◆ **To do**
For any picture in the lines below, please leave it out and copy the rest exactly.

◆ **Input data**
+++
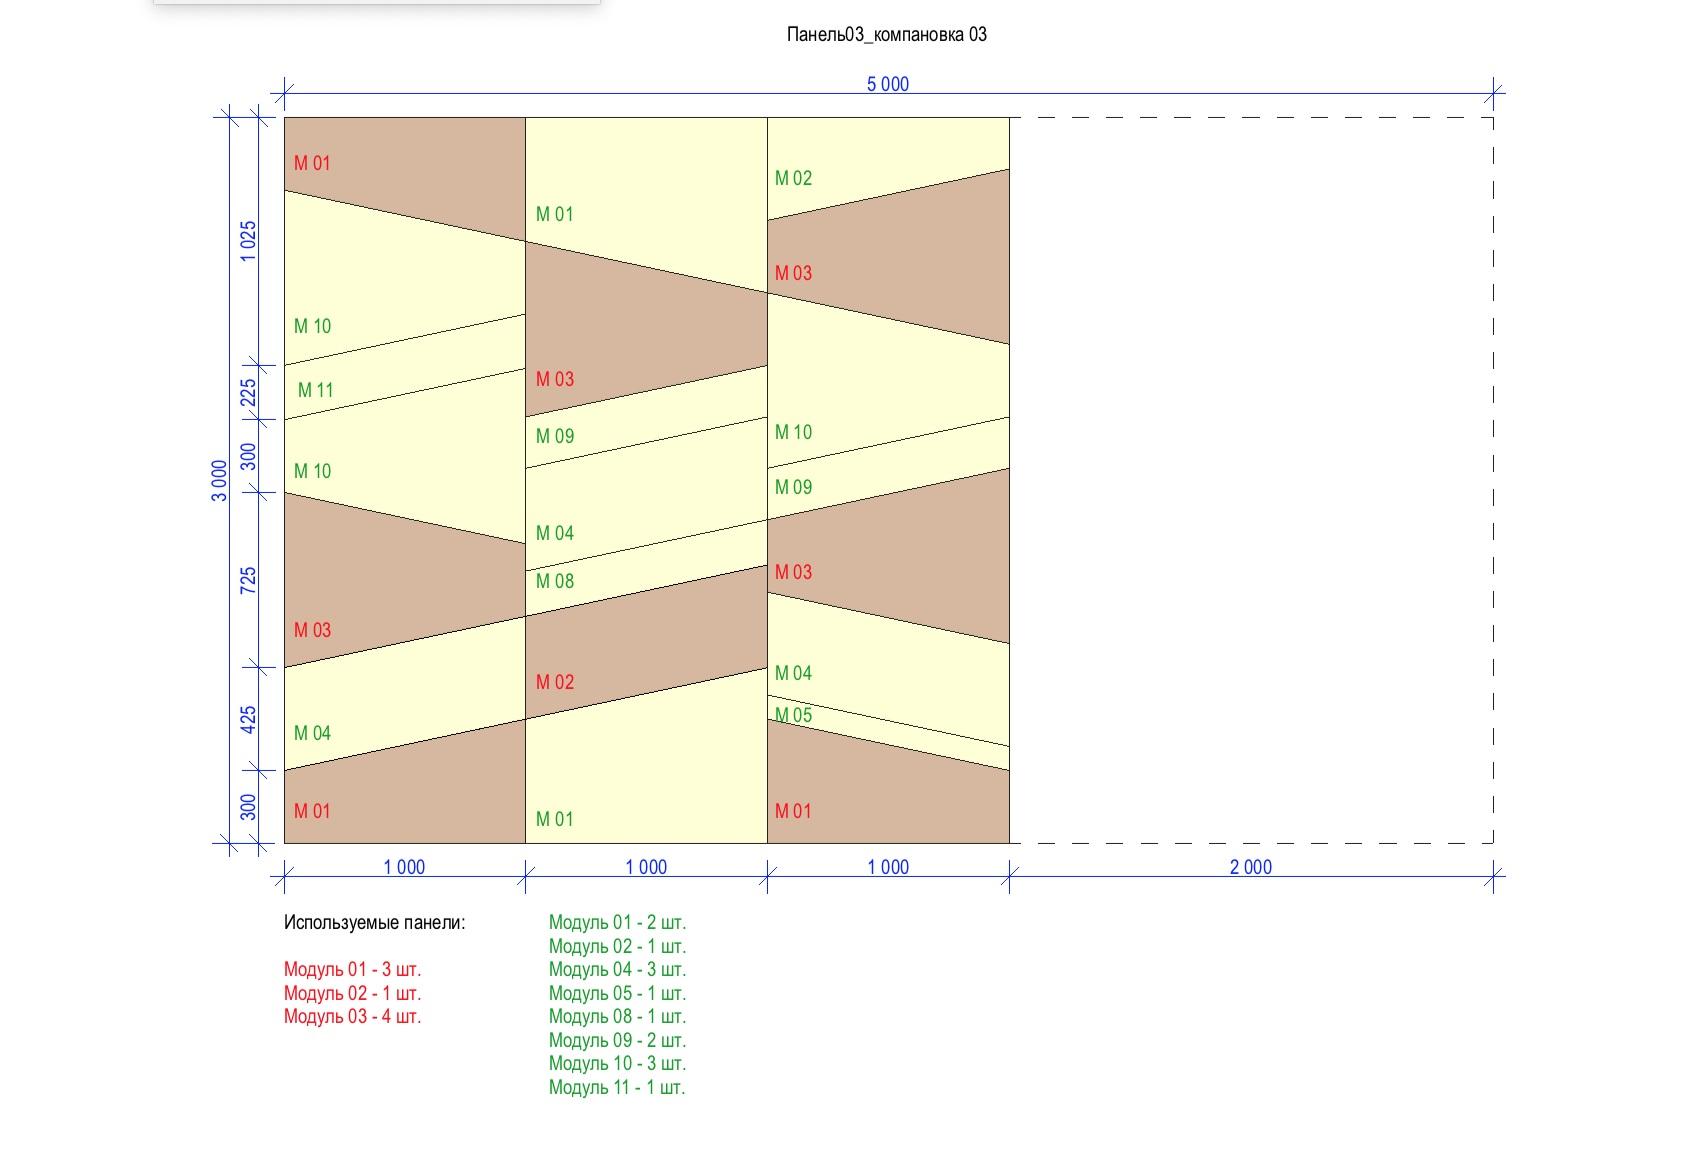 d86a7616-f15a-48b6-82fc-1d0e7a955d17.jpg
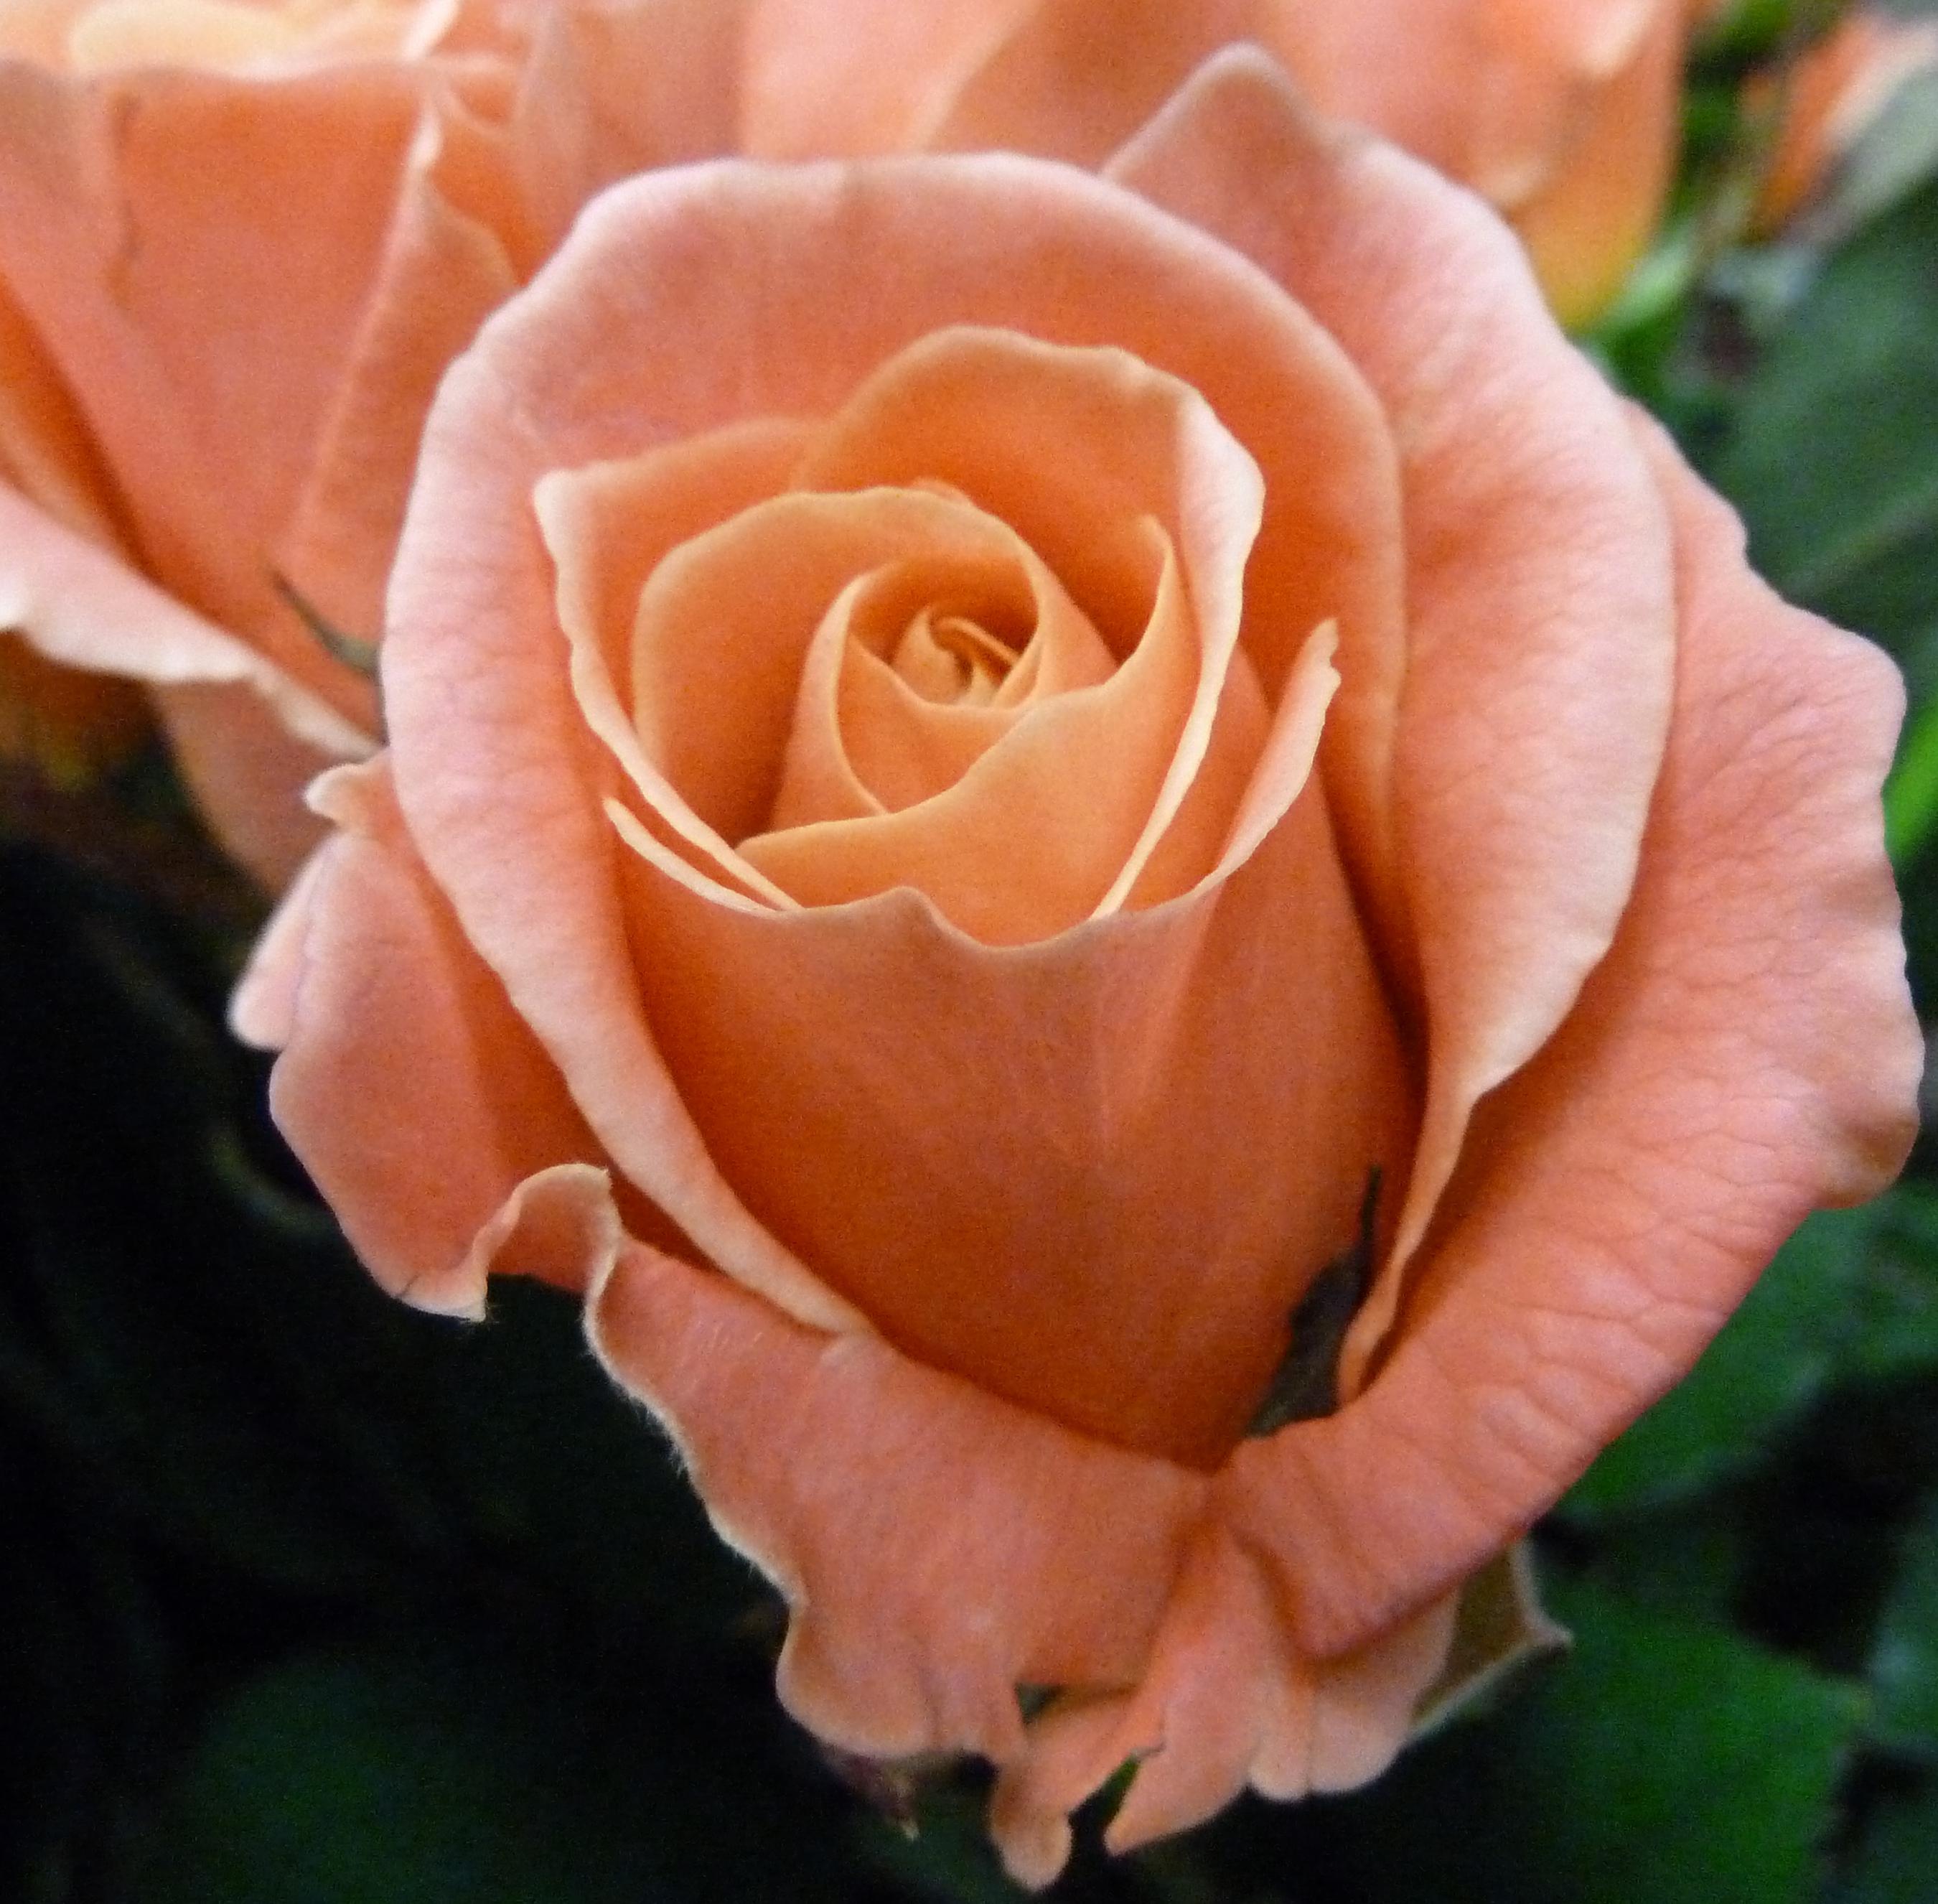 Livraisons de fleurs 7 7 jours - Marché Floral 90ef33e2810
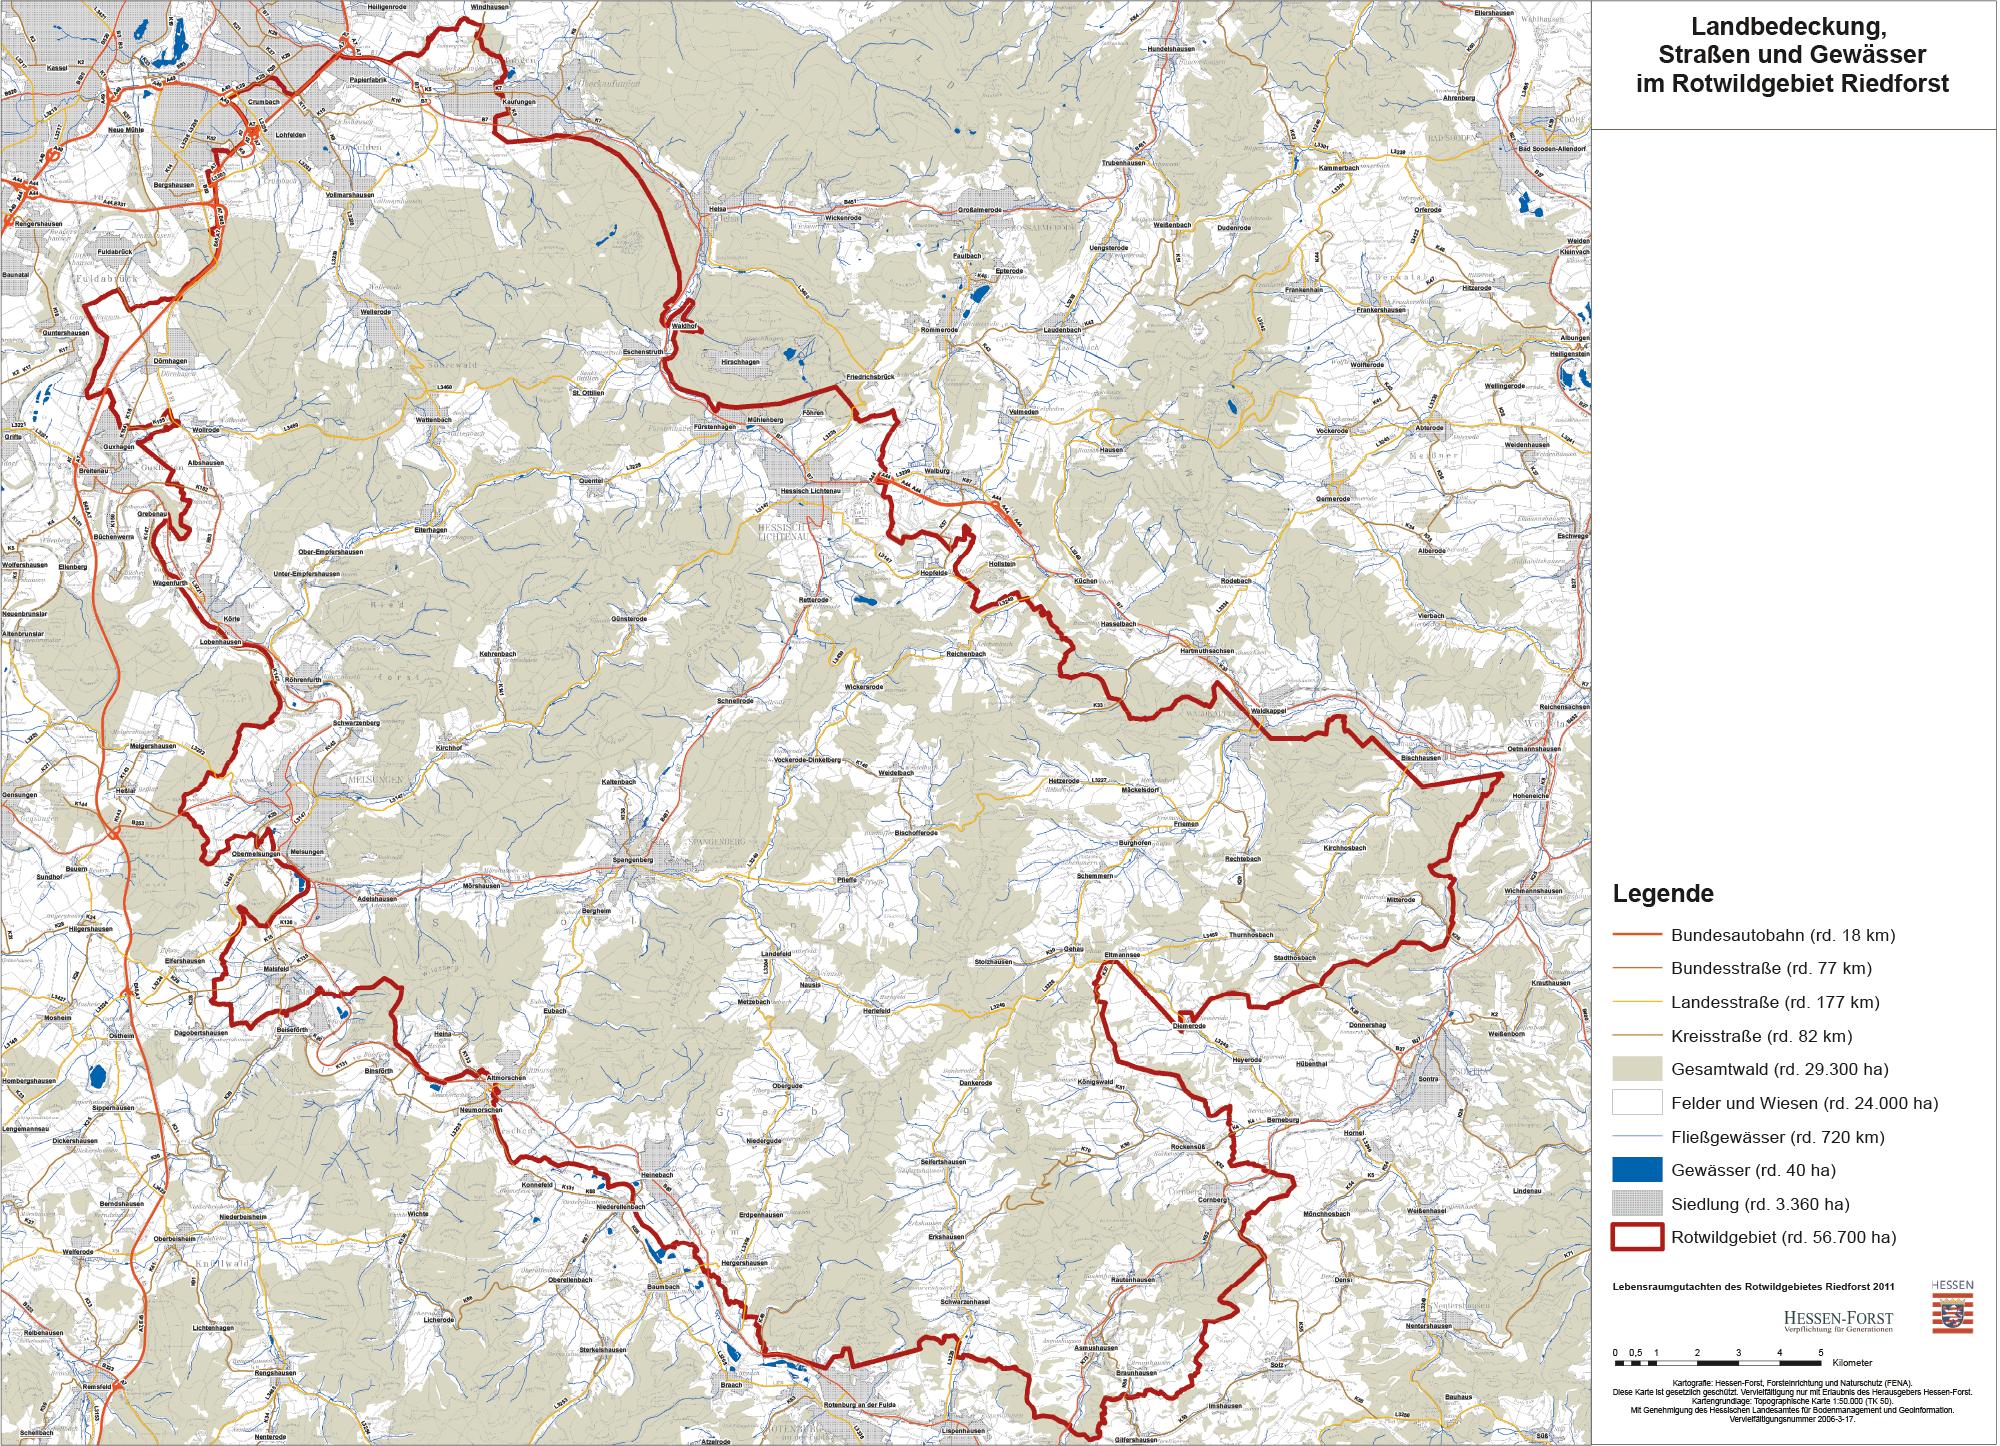 Landbedeckung, Straßen und Gewässer im Rotwildgebiet Riedforst
+++
◆ **Task output**
 d86a7616-f15a-48b6-82fc-1d0e7a955d17.jpg
 Livraisons de fleurs 7 7 jours - Marché Floral 90ef33e2810
 Landbedeckung, Straßen und Gewässer im Rotwildgebiet Riedforst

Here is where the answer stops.